Warner Music Group has announced its financial results for the fourth quarter of 2025, which represents the first quarter of its fiscal year 2026. The company reported total revenue of $1.84 billion, reflecting a 7.1% year-on-year increase in constant currency. However, net income decreased to $175 million compared to $241 million in the same quarter of the previous year. Operating income rose by 26.3% to $288 million, while adjusted OIBDA increased by 22% to $463 million.
In conjunction with these results, Warner Music Group has revealed a $200 million increase in its equity commitment to its joint venture with Bain Capital, bringing the total equity commitment to $1.65 billion. This partnership, initiated last year, is focused on acquiring music catalogs and aims to deploy up to $1.2 billion in funds. The increase in investment is anticipated to facilitate further catalog deals as the company capitalizes on its robust pipeline of opportunities.

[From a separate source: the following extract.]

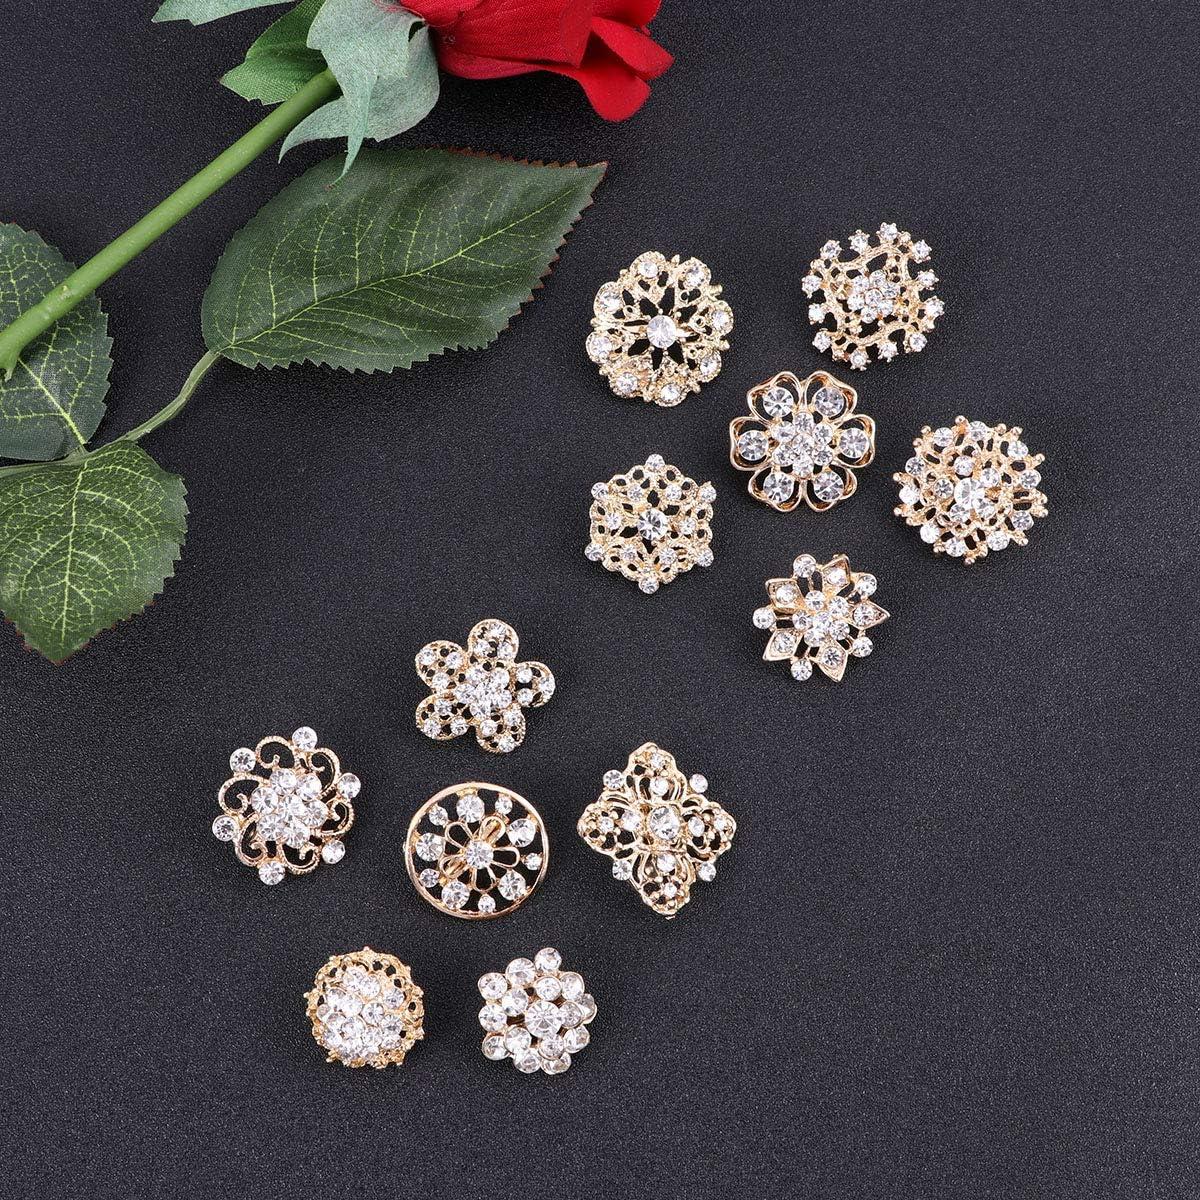 Diamant dor Et Blanc TENDYCOCO 12 Pcs Fleur Cristal Petite Broche Mode Femmes Pins Alliage Pinces /À V/êtements

During the fiscal first quarter, Warner’s Recorded Music segment experienced a revenue increase of 6.6%, driven primarily by growth in digital, artist services, and expanded rights and licensing, despite a decline in physical revenue of 11.1%. Digital revenue grew by 8.6%, with streaming revenue increasing by 9.1%. Subscription revenue saw a significant rise of 10.9%, while ad-supported revenue grew by 3.9%. In terms of music publishing, revenue rose by 9.4%, bolstered by substantial growth in synchronization, performance, and mechanical revenue streams.